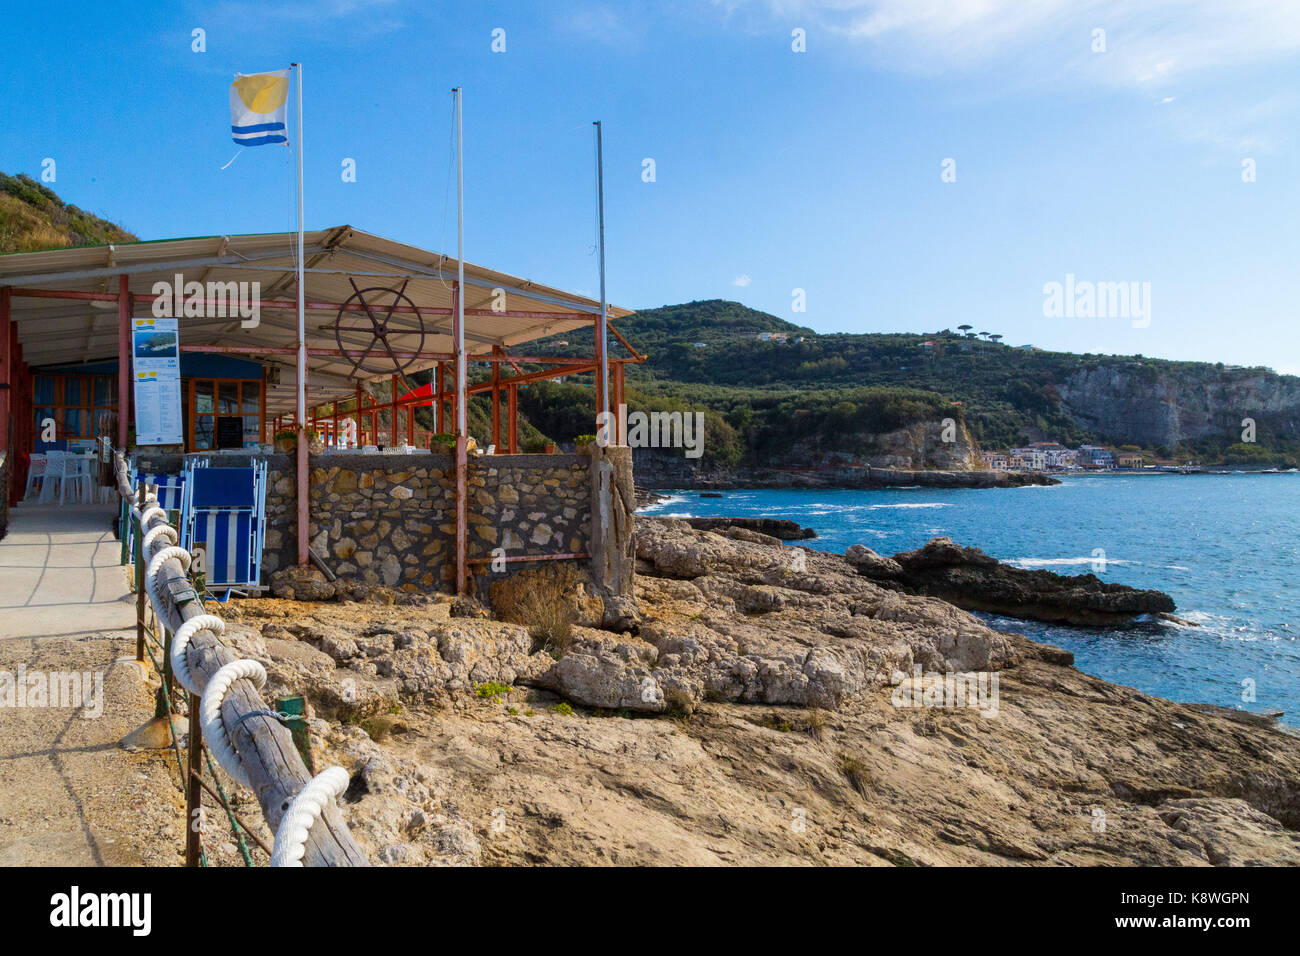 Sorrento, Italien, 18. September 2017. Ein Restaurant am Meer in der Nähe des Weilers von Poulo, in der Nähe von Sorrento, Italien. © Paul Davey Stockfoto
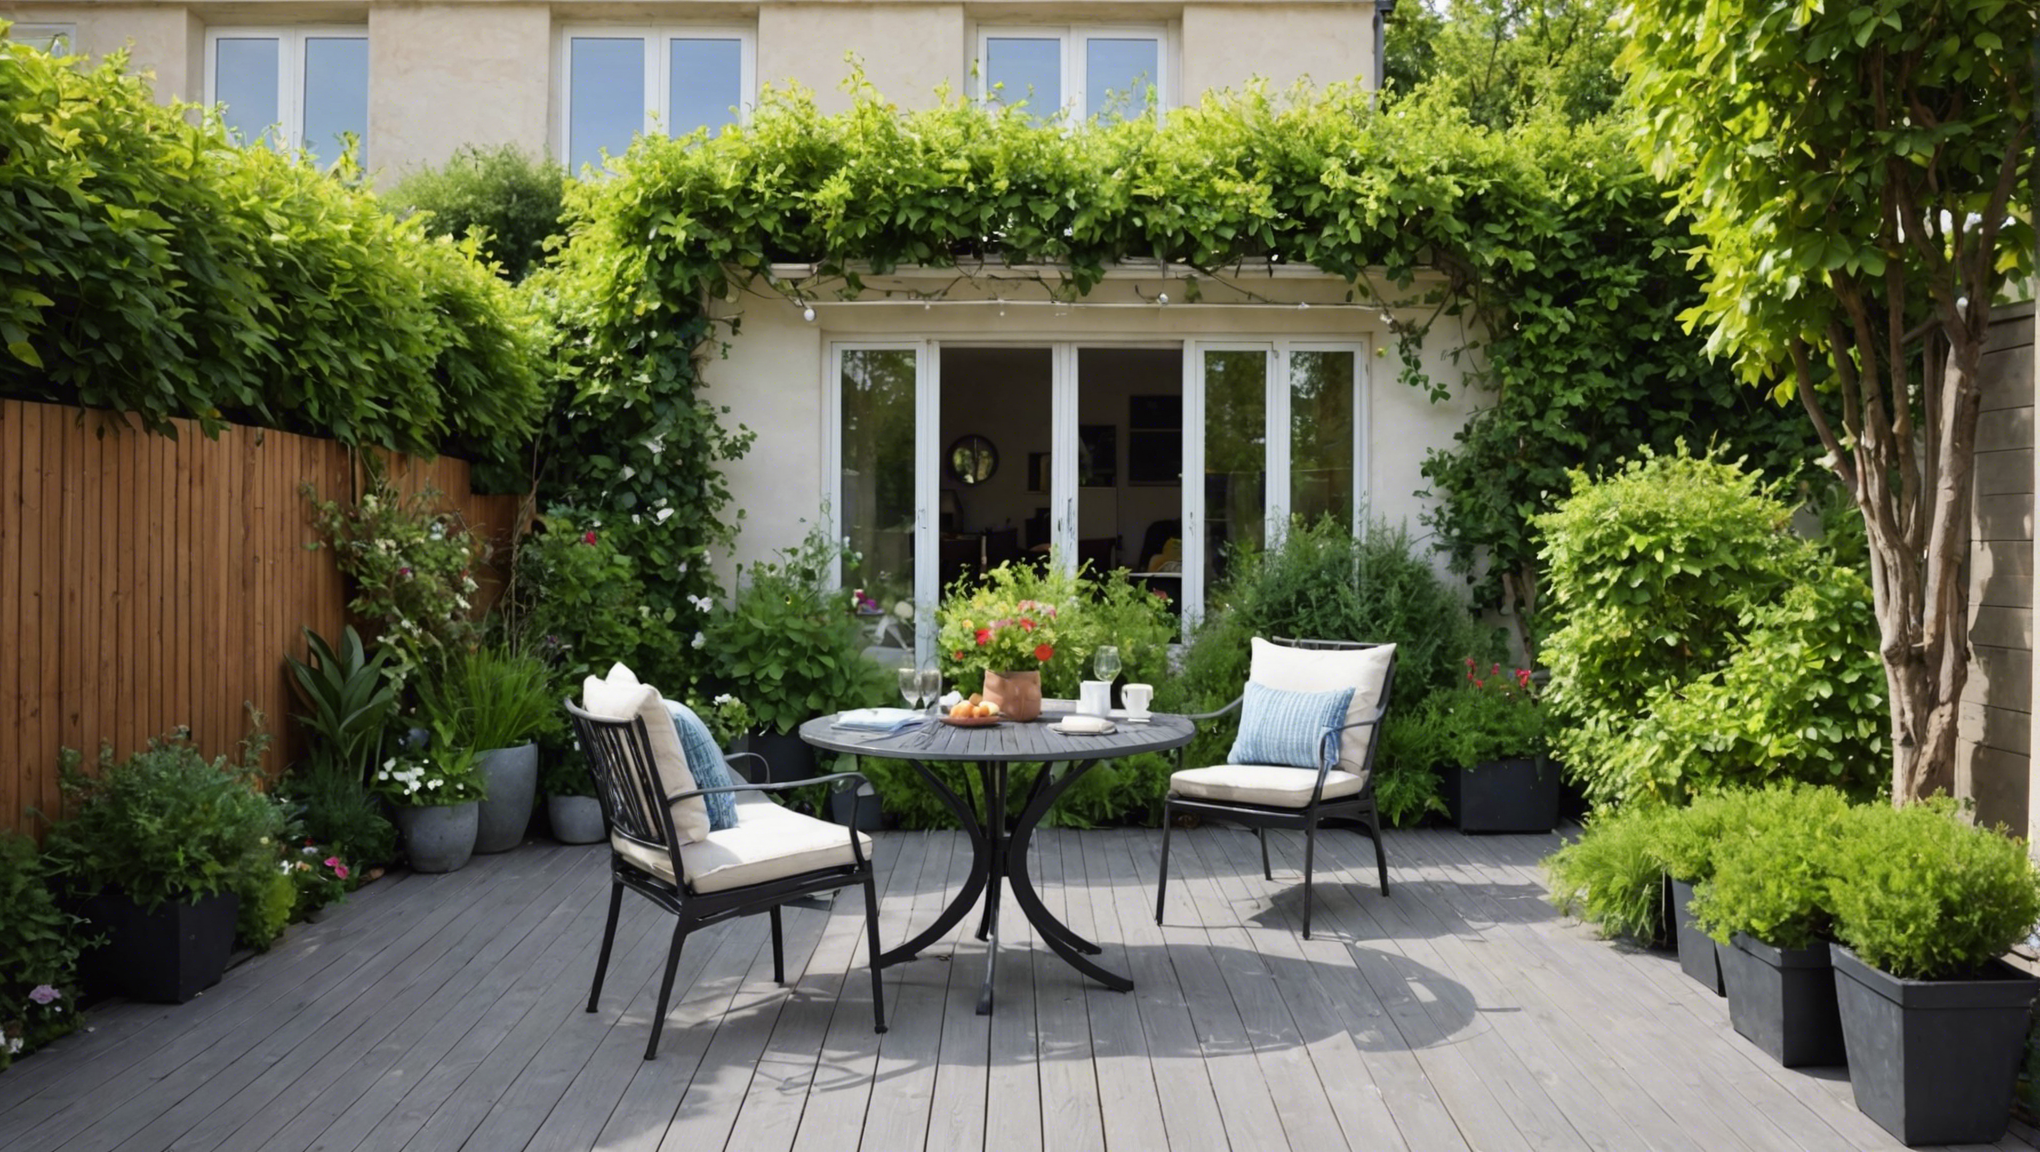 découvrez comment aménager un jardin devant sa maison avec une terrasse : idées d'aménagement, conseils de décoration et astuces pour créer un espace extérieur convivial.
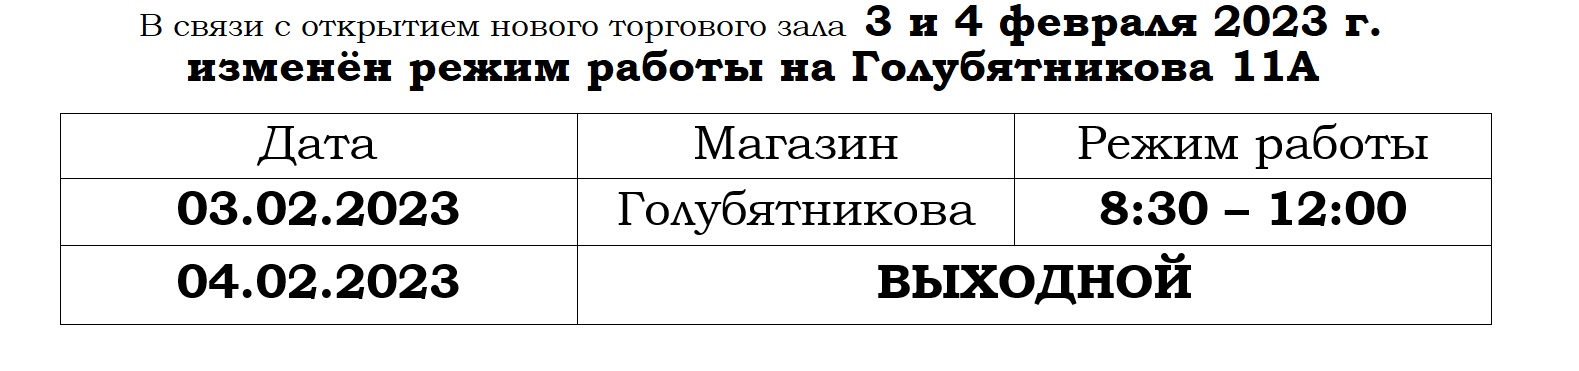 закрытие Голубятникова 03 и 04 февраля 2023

****************************************

• TASK DIRECTIONS
Extract, word for word, each line from the one that contains "découvrez comment aménager" through the final line of the data above. Leave the pictures out.

• SOLUTION
 découvrez comment aménager un jardin devant sa maison avec une terrasse : idées d'aménagement, conseils de décoration et astuces pour créer un espace extérieur convivial.
 закрытие Голубятникова 03 и 04 февраля 2023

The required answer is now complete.